Chaque absence pour raison de santé pèse sur les finances de l’entreprise. Le cout d un salarié en arret maladie pour l’employeur ne se limite pas au simple maintien de salaire. Il faut aussi compter les charges sociales qui continuent de courir, le temps passé à gérer les déclarations administratives, et parfois les frais de remplacement. Comprendre comment ces dépenses se calculent permet aux dirigeants de mieux anticiper leur budget et d’optimiser leur organisation pour réduire l’impact financier des absences.
En bref
- Les IJSS couvrent 50 % du salaire journalier de référence, plafonnées à 41,95 euros par jour environ, avec une carence de 3 jours
- L’employeur verse un complément de salaire après 7 jours de carence et 1 an d’ancienneté : 90 % du salaire pendant 30 jours, puis deux tiers ensuite
- Le coût réel inclut le complément de salaire après déduction des IJSS, les charges patronales sur la part maintenue, et les frais de gestion administrative
- La subrogation permet à l’employeur de percevoir directement les IJSS, simplifiant la gestion et améliorant la trésorerie de l’entreprise
- Les coûts indirects (remplacement, baisse de productivité, impact sur les équipes) représentent souvent une charge supérieure aux coûts directs mesurables
Cout d un salarié en arret maladie pour l’employeur : Calculs, indemnités et plafonds
IJSS et critères d’éligibilité
Les indemnités journalières de sécurité sociale constituent le socle de la compensation versée au salarié absent pour raison médicale. Pour y prétendre, le salarié doit justifier d’au moins 150 heures de travail sur les trois derniers mois précédant l’arrêt. Une alternative existe pour ceux qui ne remplissent pas cette condition : avoir cotisé sur un salaire équivalent à 1 015 fois le SMIC horaire sur six mois.

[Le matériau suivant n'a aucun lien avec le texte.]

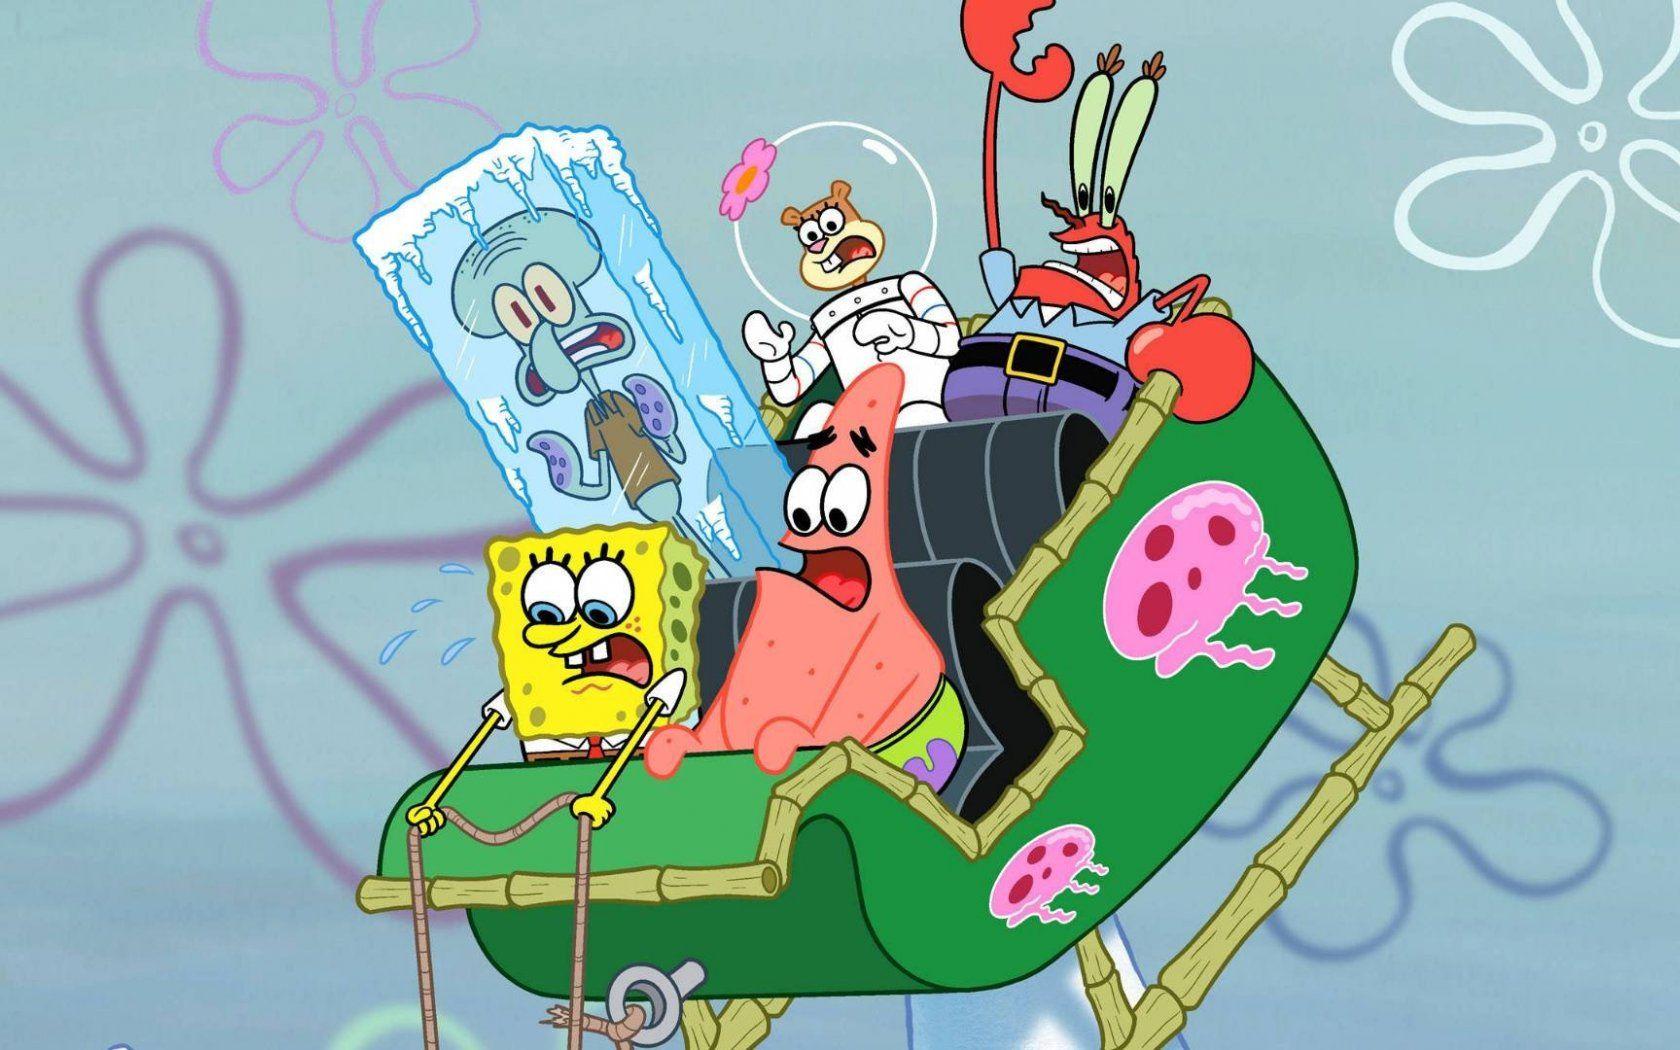 Mr krabs patrick star sandy cheeks spongebob squarepants

Le montant des IJSS représente 50 % du salaire journalier de référence, avec un plafond fixé à 1,4 fois le SMIC mensuel brut. Concrètement, cela signifie qu’un salarié ne peut recevoir plus de 41,95 euros bruts par jour environ. Une période de carence de trois jours s’applique systématiquement avant le versement de ces indemnités, sauf exception pour les situations de grossesse ou certaines conventions collectives plus avantageuses.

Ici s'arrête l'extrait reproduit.